(Image credit: Kali Ciesemier)
When a twentysomething editor gambled on her career, she created a publishing phenomenon.
An an unproven assistant editor in her early twenties, Joëlle Delbourgo got an unwelcome message: Her boss at Bantam wanted to see her. Immediately.
It was 1978, and Delbourgo was championing a new children’s title called The Cave of Time. The book was something of an anomaly: It didn’t have a plot or a main character or even a proper ending. Instead, the reader was asked to assume the role of the hero. Every few pages, he or she had to make a critical decision on how to proceed. There were about 40 possible endings, with some paths leading to glory and others ending in alien invasion, tyrannosaurus attack, and other forms of ruin. Delbourgo hoped to make it her first major acquisition.
In fact, she hoped to pursue it as a series. But as a junior voice in the company, she had no idea how her higher-ups would respond to such an experimental project. As she stepped into the cavernous office of Oscar Dystel, Bantam’s president, anxiety struck.
“I understand you’re trying to change the way kids read,” he barked. She was. And she wasn’t alone.
A decade prior, a lawyer named Edward Packard had hit upon an idea. He often told his kids bedtime stories, and whenever he couldn’t figure out how to resolve a story, he asked them to weigh in with options. He soon realized that they enjoyed the stories more when they helped choose the endings.

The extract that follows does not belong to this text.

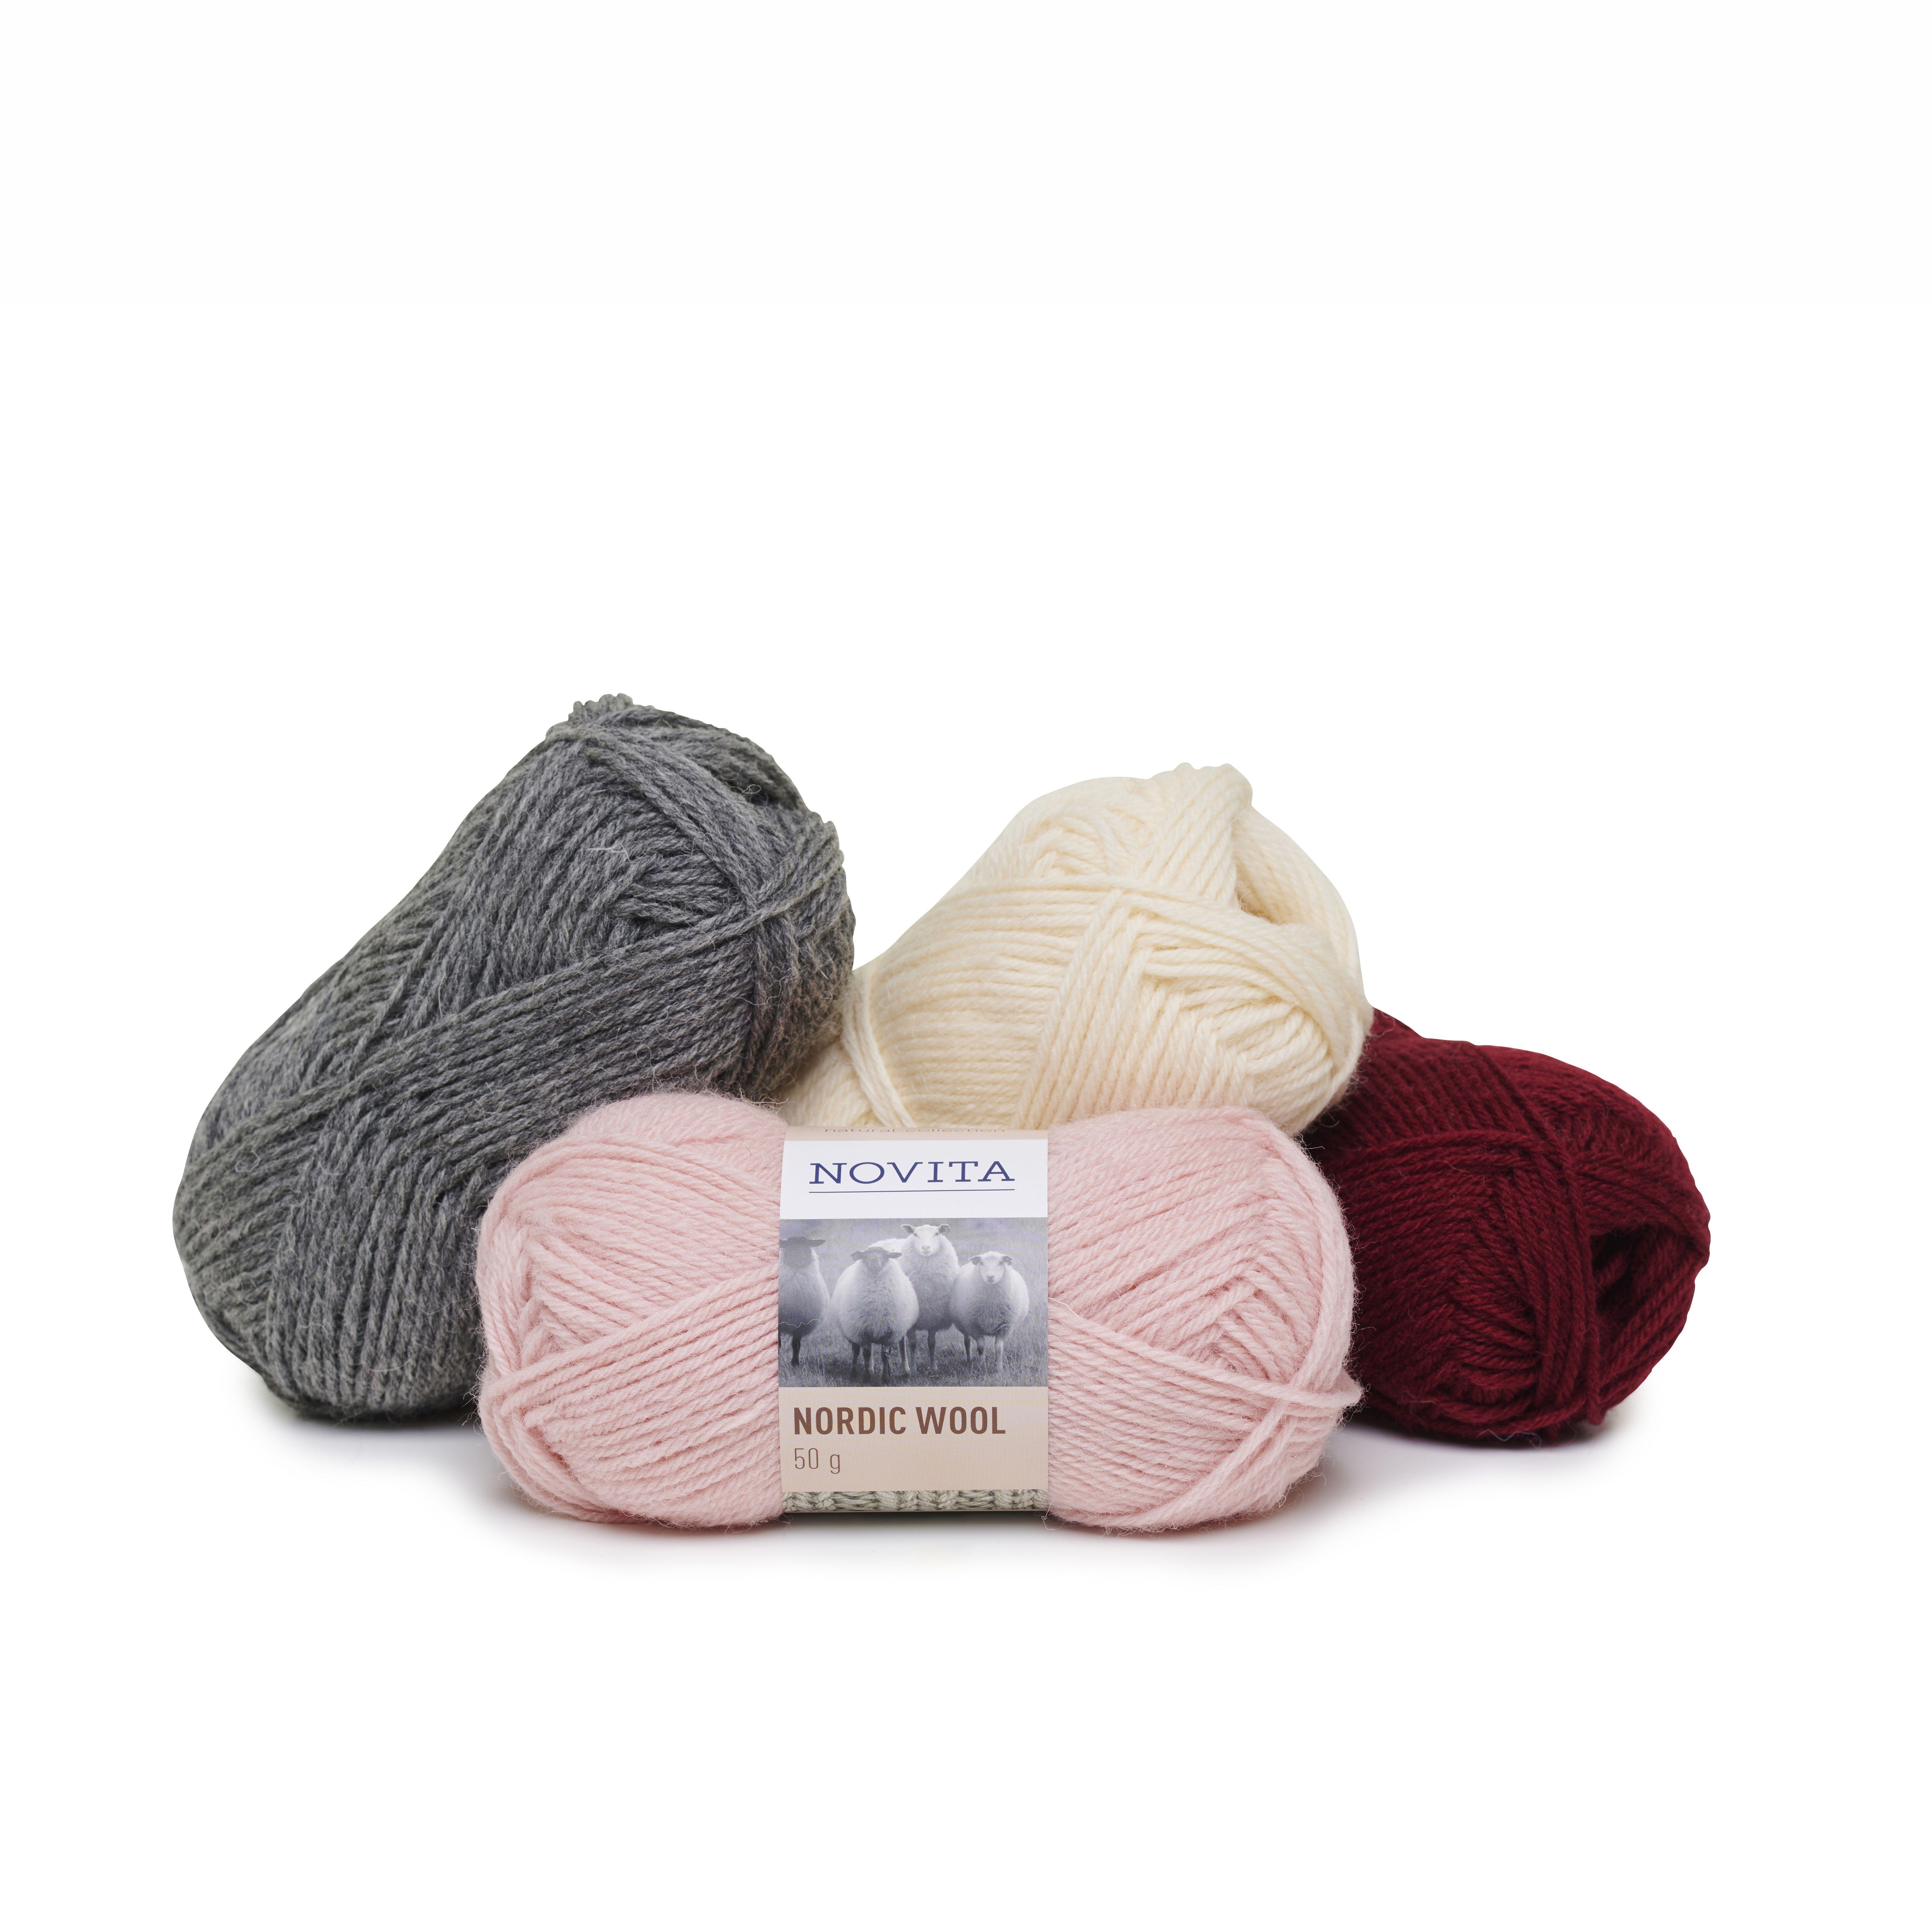 Novita Nordic Wool | Novita knits en 2020 | Laine, Moutons

This interactivity was a valuable storytelling device—it both harnessed the kids’ attention and took advantage of their innate creativity—and Packard wondered whether there was a clever way to package it in book form. During his commute, he began writing a shipwreck adventure called Sugarcane Island, with multiple storylines that required reader participation.
When, in 1969, he passed his finished copy along to a friend of a friend who worked as a William Morris literary agent, the feedback was glowing. “The agent said he would be surprised if there were no takers,” Packard recalls. “Then he proceeded to be surprised.”